1) Writing about the Initial D manga a while ago, I passed along a report I'd heard, or thought I remembered hearing, that Tokyopop had altered the manga's plot in its translation. Apparently I was mistaken: according to this thread, as far as I can gather, Tokyopop did not alter the plot of the manga, though they did cover up a female character's breasts in a couple of panels (which I'd still prefer they not do, but I don't mind nearly as much). So I owe Tokyopop an apology, which I'm happy to provide.

2) I wrote that I owned two CDs by Philip Gayle. I was going through my CD collection, and it turns out that I own three. (Actually I had a vague recollection of having bought three, but wasn't sure.) The third, Keguribap, is quite similar to pnbna, with Gayle simultaneously playing two or more insturments, usually guitars.
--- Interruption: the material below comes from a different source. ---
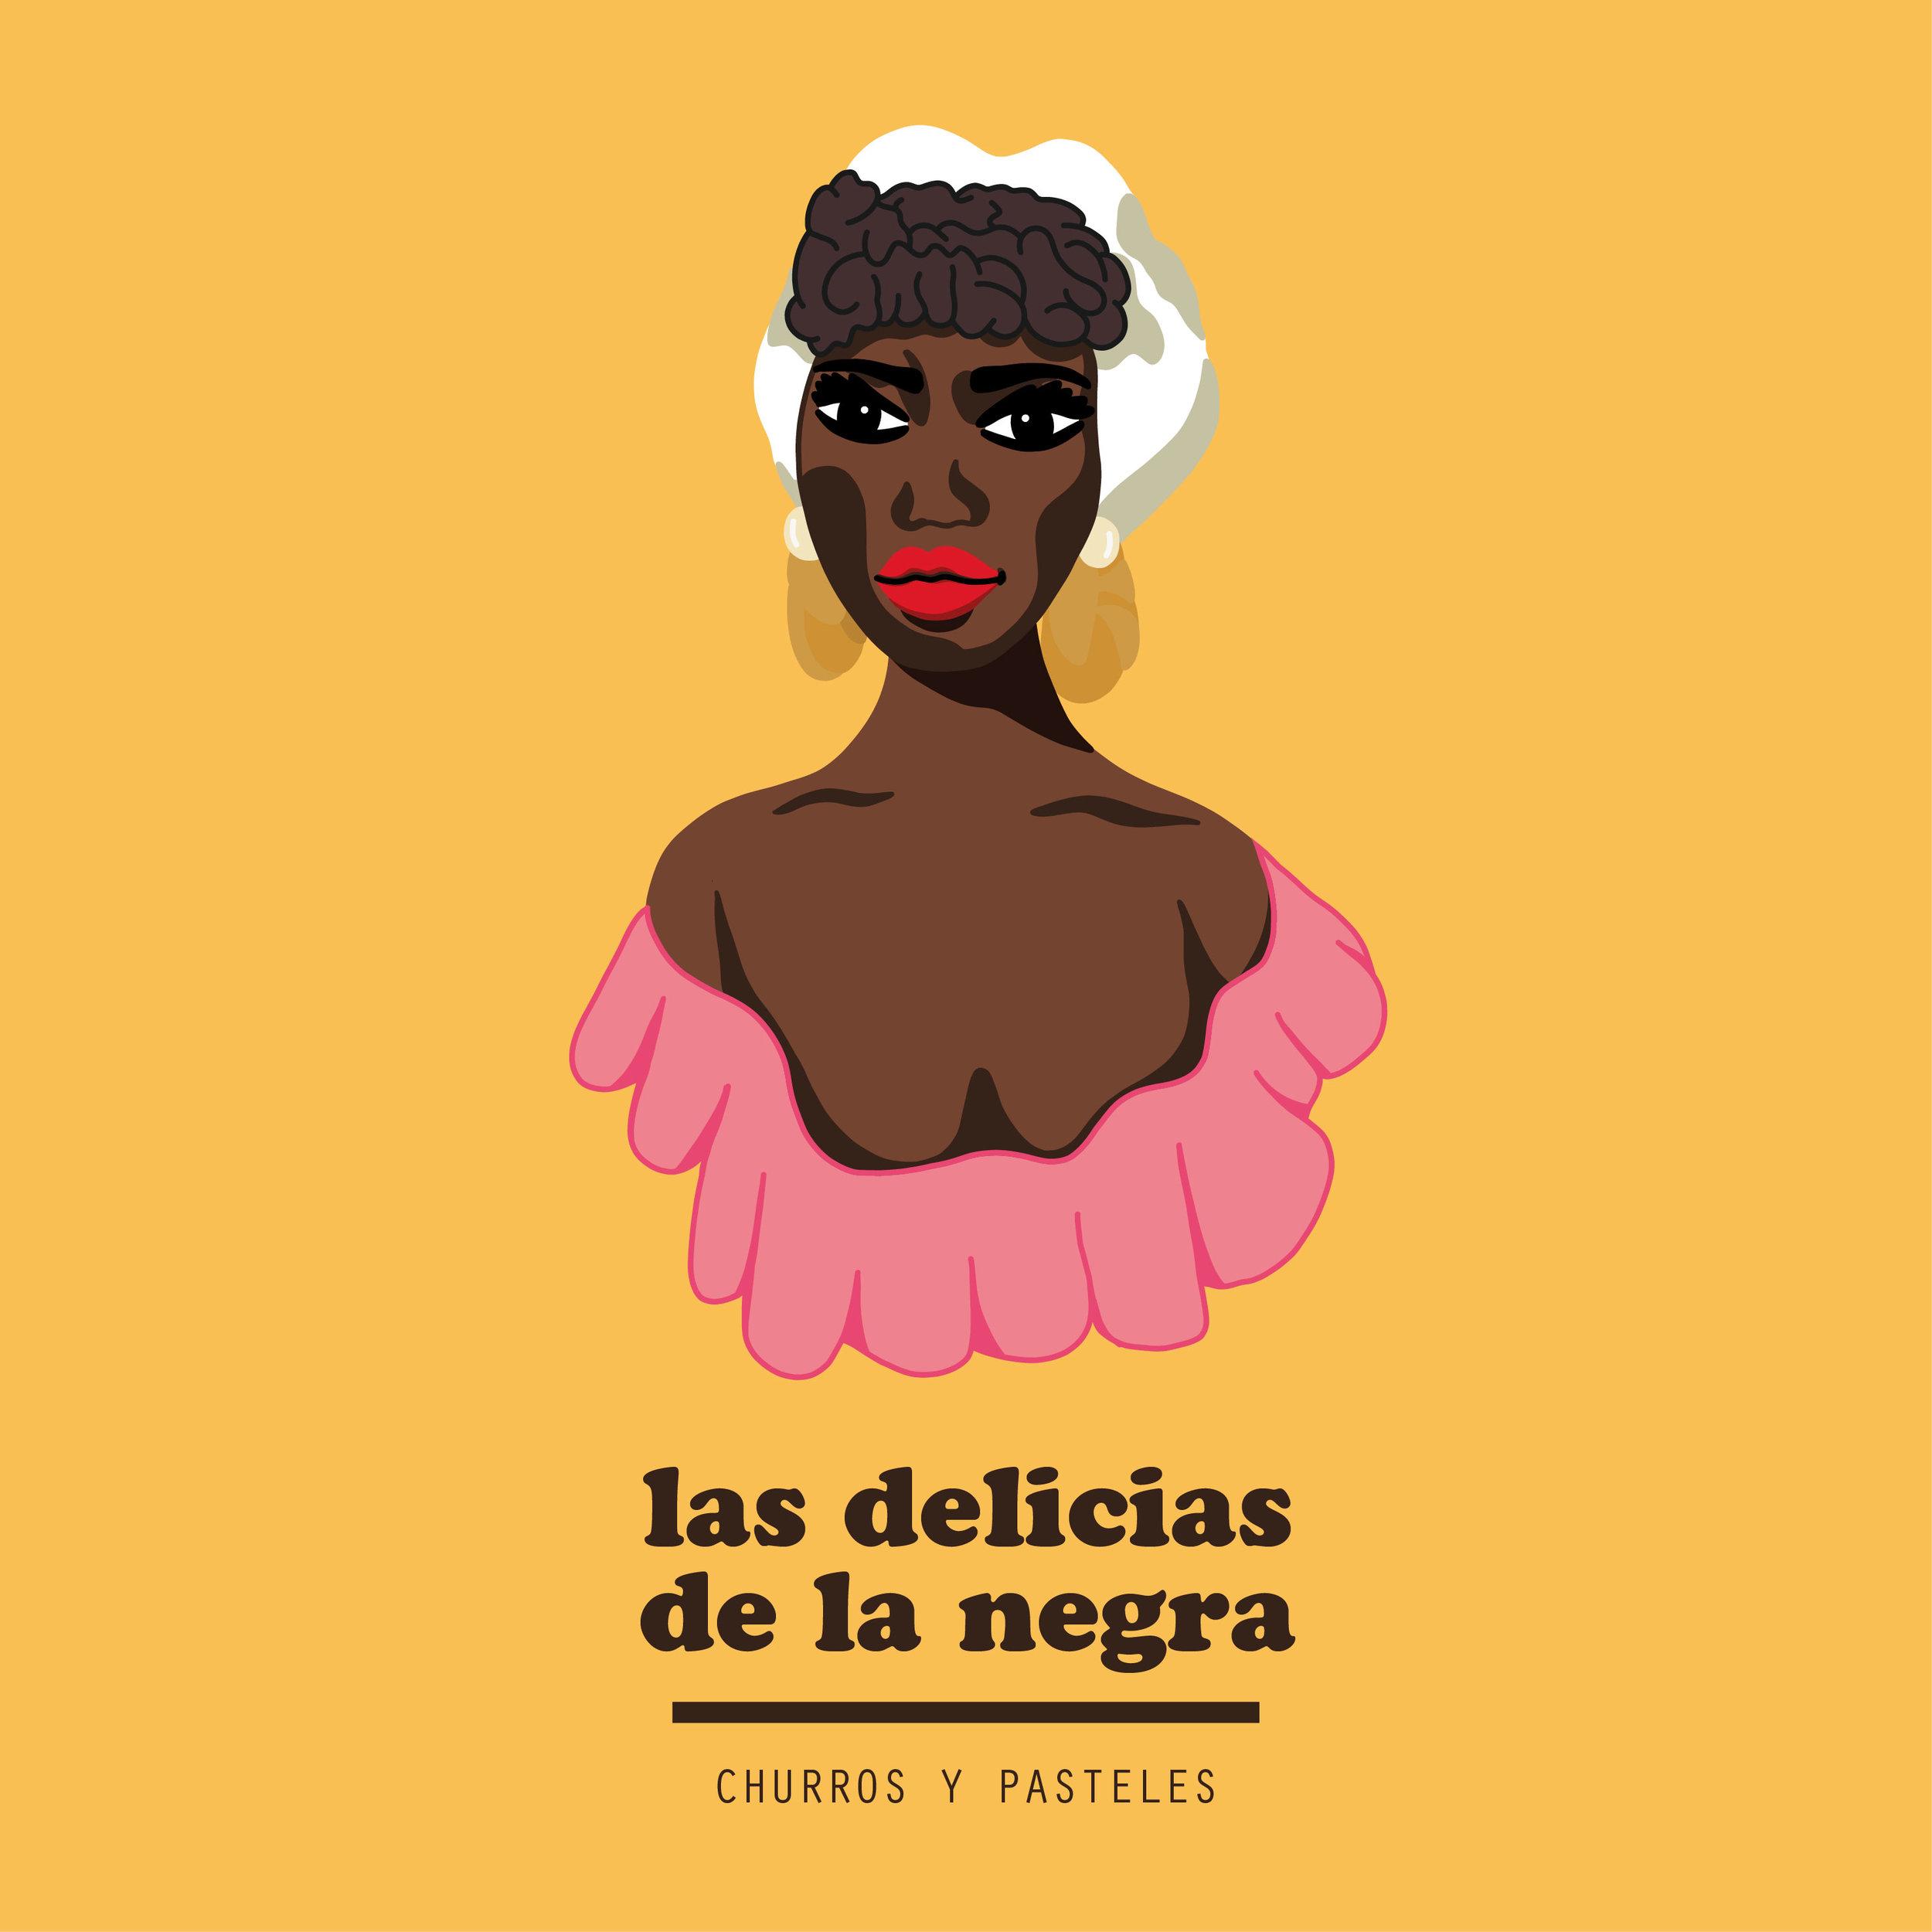 Las delicias de la negra_logo.jpg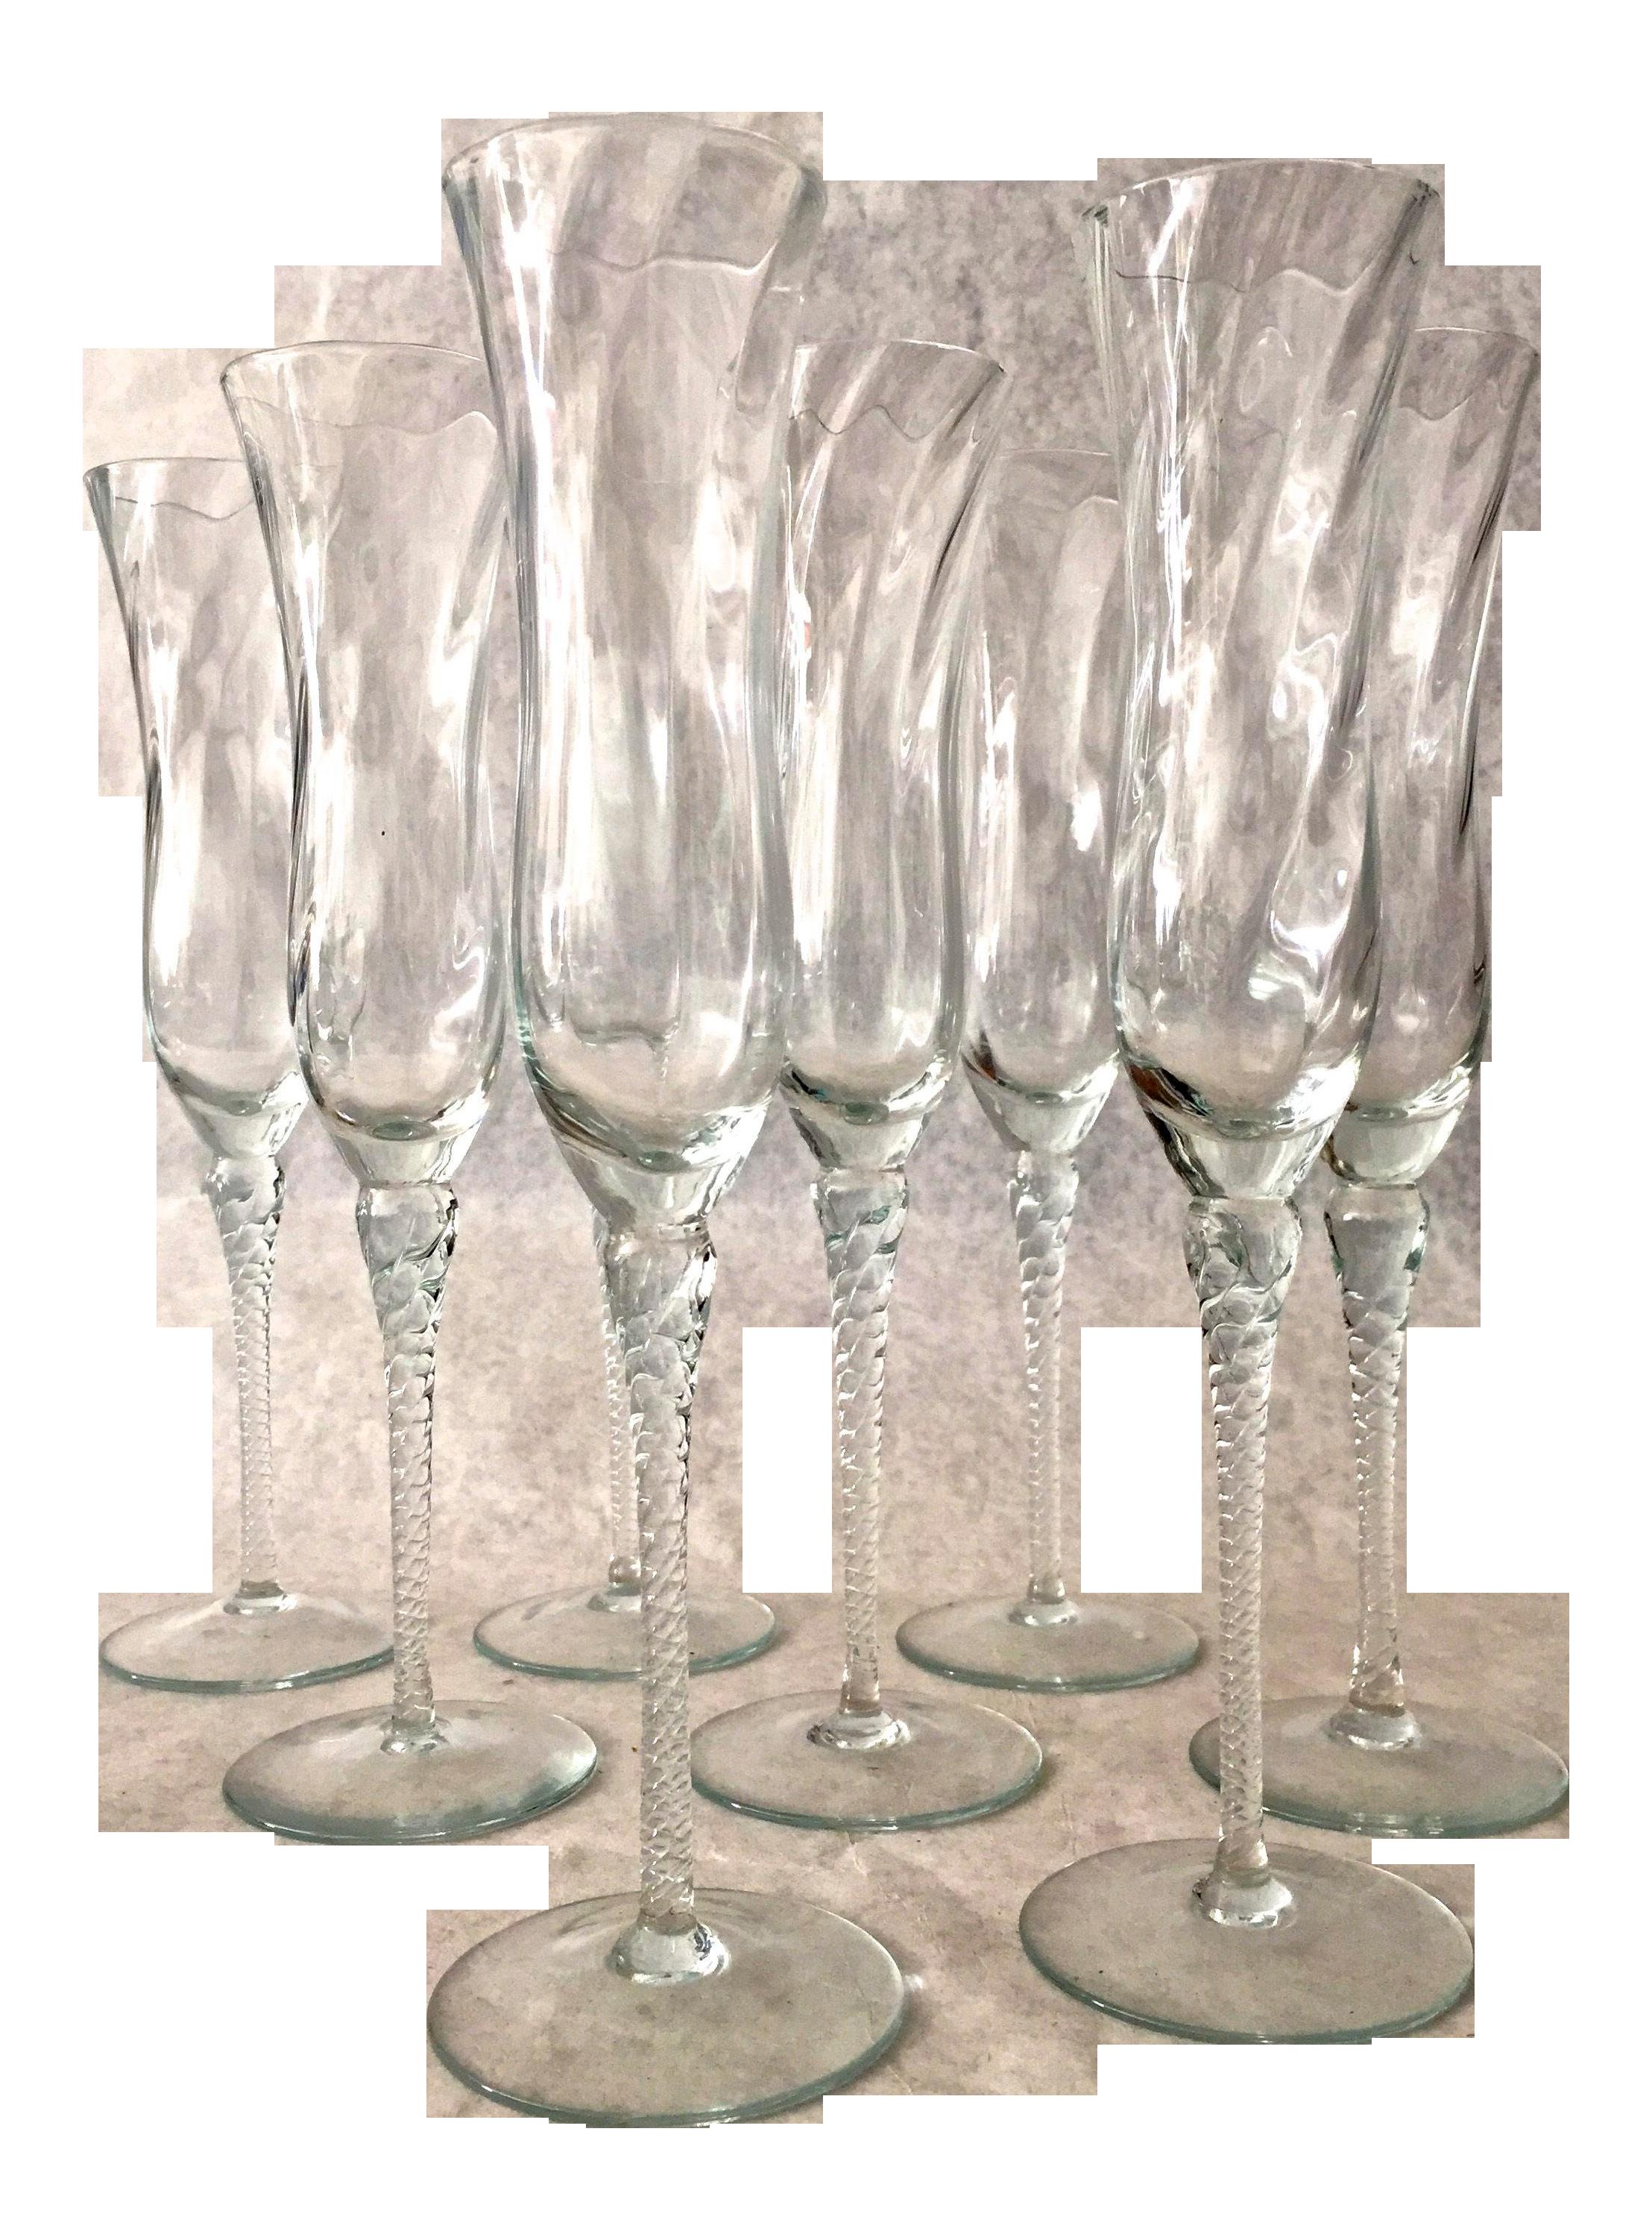 Modern Crystal Champagne Flutes Set Of 6 Crystal Champagne Flutes Champagne Flute Set Crystal Champagne

3) A bit more on the anime Abenobashi Magical Shopping District. In this series, the protagonists are thrust into a different "parallel world" each episode, each of which parodies an anime, game, or movie genre, and each of which contains an analogue of the titular shopping district, where the protagonists live in reality. Episode 11 is a parody of war movies, and the "shopping district" is nothing but bombed-out rubble. The first time I saw this, I didn't think anything of it. This time, though, it occurred to me that to show one's neighborhood as a bombed-out ruin, even in a "parallel world" and as a parody, must have an entirely different resonance in Japan, where most of the cities were indeed reduced to rubble during World War II, than it would in an American show.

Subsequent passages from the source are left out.